Why starting is hard — and what actually helps
The hardest part of most tasks isn't the work. It's the few seconds before it — the transition from not-doing to doing. The most reliable thing you can do about that is small and unglamorous: make the first step tiny, and decide in advance exactly when and where you'll take it. That won't manufacture motivation you don't have. It helps you act on the intention you already have. Below is what the research supports, what it doesn't, and how the two-minute ritual on the home page uses it.
The barrier is starting, not the work
Think of it like activation energy — a borrowed metaphor, not a law: a task needs a burst of effort to get going, and much less to keep going once it's moving. Most of the resistance you feel is bunched up at that first step. So the lever that helps most is the plainest one: shrink the start until it's smaller than the resistance. Name one thing. Set a five-minute floor. Begin.
Making the start deliberately small is a design choice — the same intuition behind practitioner approaches like B.J. Fogg's "tiny behaviors." We treat it as a design lens, not a settled scientific law, and we don't attach a number to it. What we lean on for the actual mechanics below is better established.
If-then plans: a small, real help — not a motivation machine
An implementation intention is an if-then plan: "When [situation Y] happens, I'll do [action Z]." Deciding the cue in advance — instead of leaving it to a vague "I'll get to it" — makes you more likely to follow through. The classic meta-analysis found a medium-to-large effect (about d = 0.65, across 94 tests); more recent and broader syntheses — covering hundreds of tests — find the benefit is real but often smaller and highly dependent on context and on how strong your underlying intention already is. The conditional if-then form does beat a flat "I'll do it sometime" plan.34
The honest boundary matters more than the number: an if-then plan doesn't create the desire to act — it converts an intention you already have into action. When the underlying intention is weak, the effect is close to zero. That's why underway doesn't try to pump you up. It gives the thing you already chose a clear cue, and nothing more.
Repetition slowly builds automaticity (and it varies a lot)
Repeat a simple action in a consistent context and, over time, the context itself starts to cue the action — so it leans less on in-the-moment willpower. That's the real basis for "building a habit."1 But two honest caveats travel with it.
First, timing. The popular "21 days" figure is a myth — it traces to a 1960 anecdote (Maxwell Maltz), not a study. In practice one often-cited study found a median of about 66 days, with individuals ranging from 18 to 254; a 2024 systematic review put it at roughly 2 to 5 months (individual range 4-335 days).12Second, repetition alone doesn't guarantee automaticity — reward and how complex the behavior is both matter, and people differ enormously. underway's five-minute floor is a starting floor, not a magic number.
What we don't claim
- No health or mood claims. underway won't cure procrastination, reduce anxiety, or "fix" you. It makes a start smaller and a decision earlier — that's all.

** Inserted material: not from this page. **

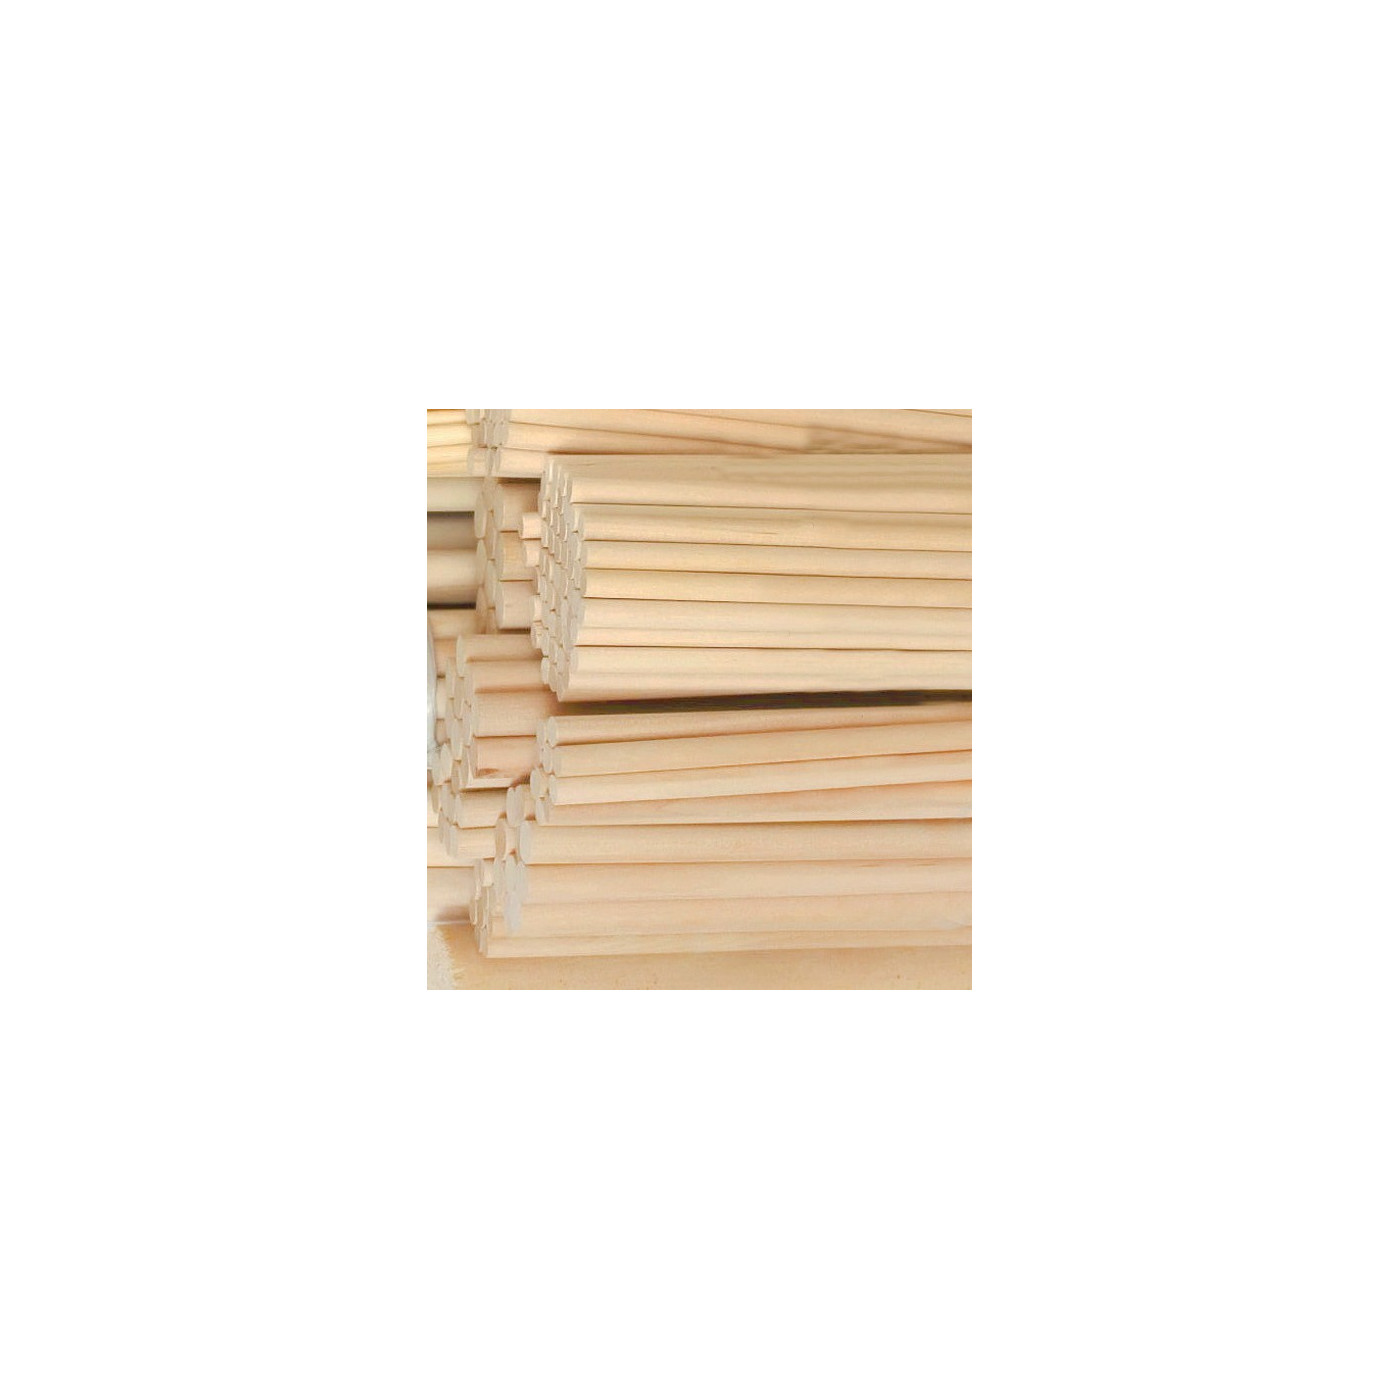 Juego de 100 palos de madera (20 cm de longitud, 9,5 mm de

- No fixed timelines or guarantees. No "21 days." "Keystone habits" is a popular idea, not something we assert as established science.

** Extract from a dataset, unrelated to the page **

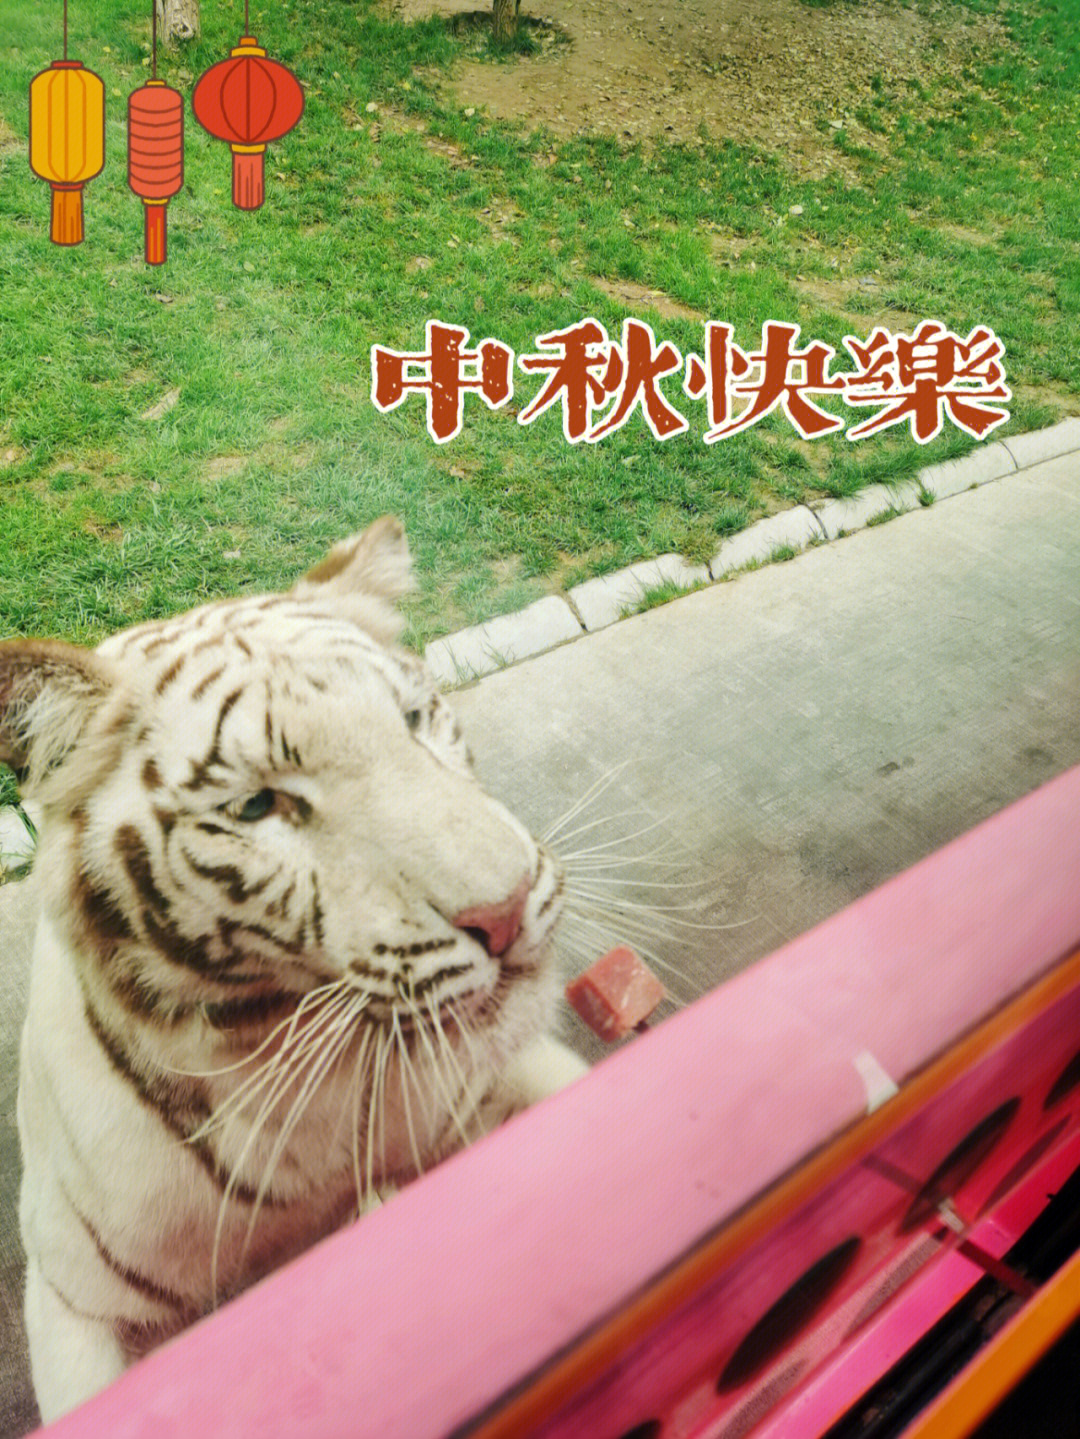 大狮子03大老虎91大狗熊93祝北京野生动物园所有动物中秋节快乐

- We don't motivate you. If the intention isn't there, a plan can't invent it.
- No streaks, points, badges, or nags. Nothing is sent anywhere — your words stay on your device.
How the ritual uses this
The two-minute ritual on the home page is just these five steps, in order:
- Name one thing. The next piece, in your own words — not the whole project.
- Shrink it to a small floor. 5, 10, or 25 minutes. The floor is the least you'll do, not a target.
- Make an if-then plan. "When ___, I'll start for [your floor] minutes." Pick a cue you'll actually meet.
- Clear one distraction. Put one thing out of reach before you begin.
- Start — then stop at your floor, or keep going. The floor is permission to stop, not a finish line.